Electron Neutrino Classification in Liquid Argon Time Projection Chamber Detector

TL;DR

This paper introduces a novel image-based classification method for electron neutrinos in Liquid Argon TPC detectors, enhancing particle identification by analyzing signal distributions from observed events.

Contribution

It presents a new feature descriptor and classification approach specifically designed for electron neutrino identification in LAr-TPC images, assuming known interaction vertices.

Findings

Method's performance varies with noise in vertex position.

Classification accuracy depends on deposited energy levels.

Approach improves neutrino identification in LAr-TPC data.

Abstract

Neutrinos are one of the least known elementary particles. The detection of neutrinos is an extremely difficult task since they are affected only by weak sub-atomic force or gravity.

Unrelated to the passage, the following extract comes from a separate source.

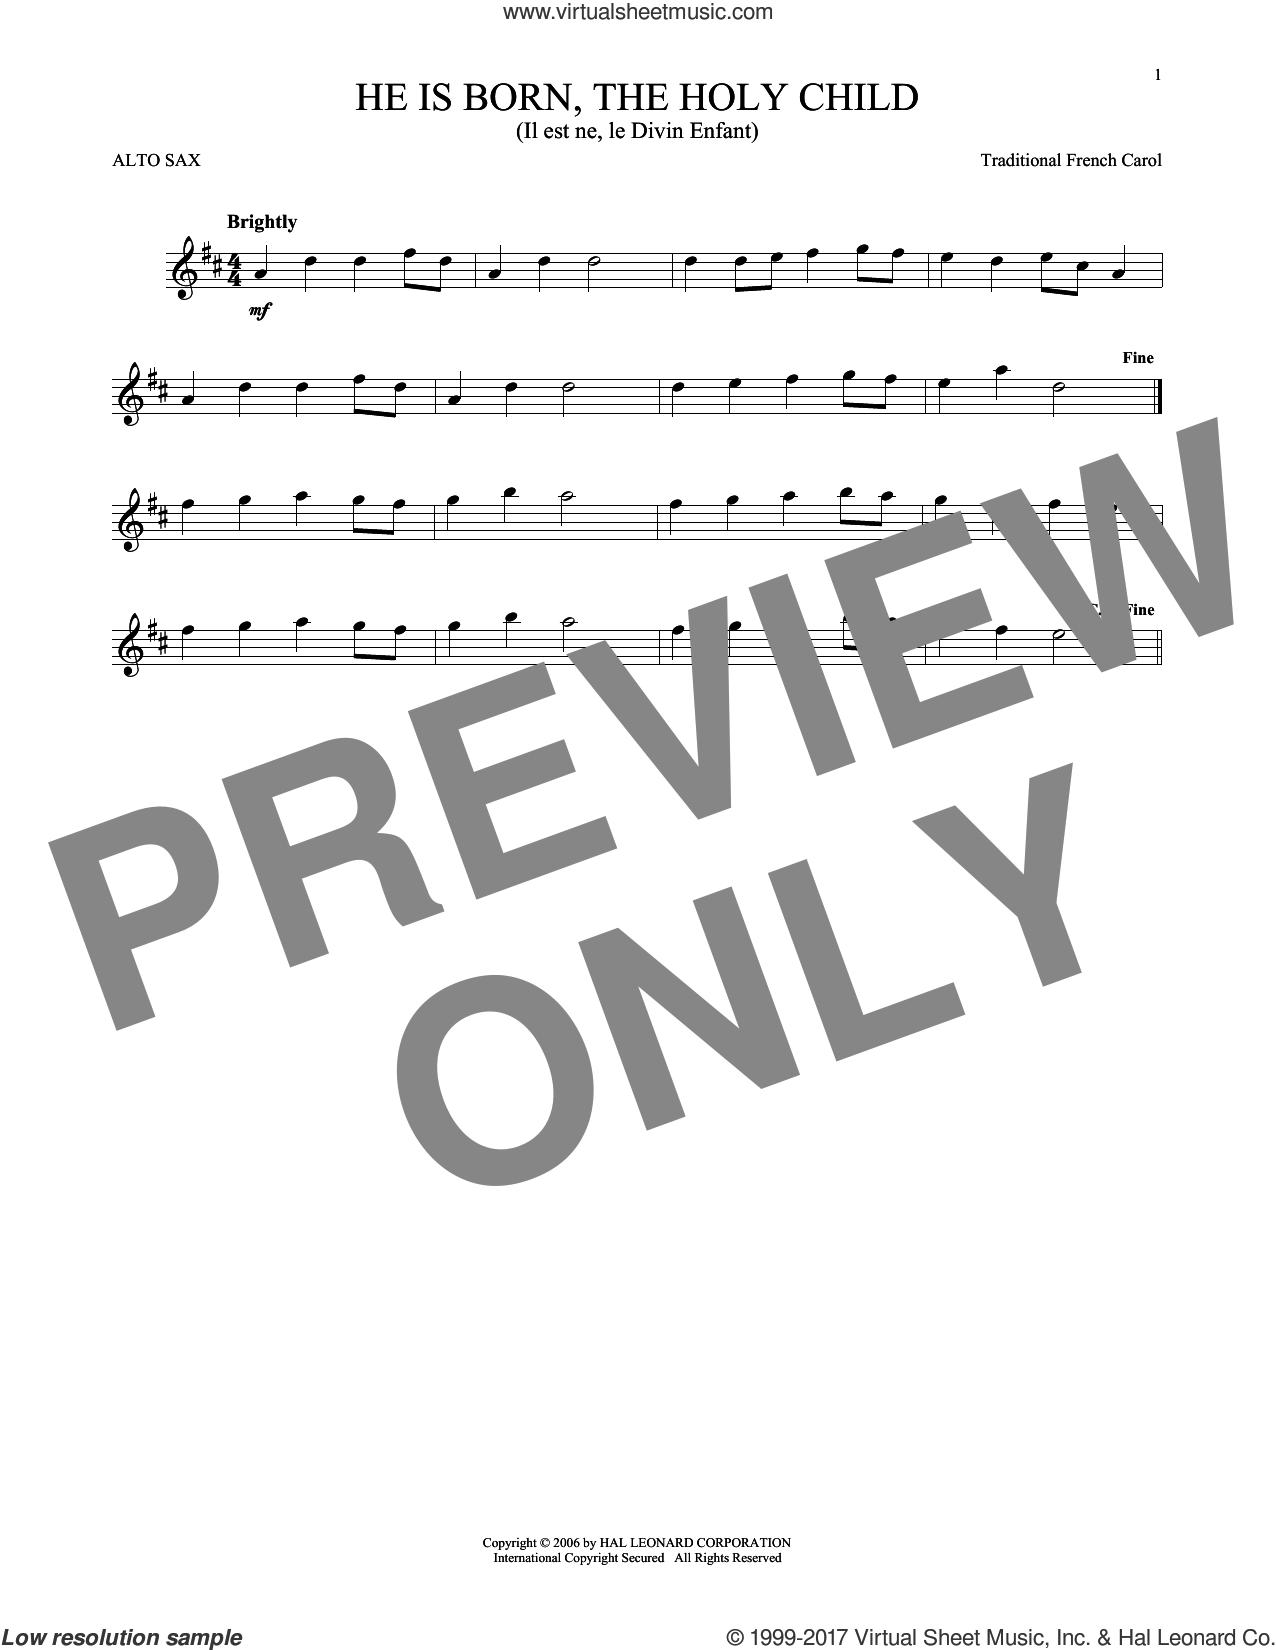 He Is Born, The Holy Child (Il Est Ne, Le Divin Enfant) sheet music for alto saxophone solo, intermediate skill level

Therefore large detectors are constructed to reveal neutrino's properties. Among them the Liquid Argon Time Projection Chamber (LAr-TPC) detectors provide excellent imaging and particle identification ability for studying neutrinos. The computerized methods for automatic reconstruction and identification of particles are needed to fully exploit the potential of the LAr-TPC technique. Herein, the novel method for electron neutrino classification is presented. The method constructs a feature descriptor from images of observed event. It characterizes the signal distribution propagated from vertex of interest, where the particle interacts with the detector medium. The classifier is learned with a constructed feature descriptor to decide whether the images represent the electron neutrino or cascade produced by photons. The proposed approach assumes that the position of primary interaction vertex is known. The method's performance in dependency to the noise in a primary vertex position and deposited energy of particles is studied.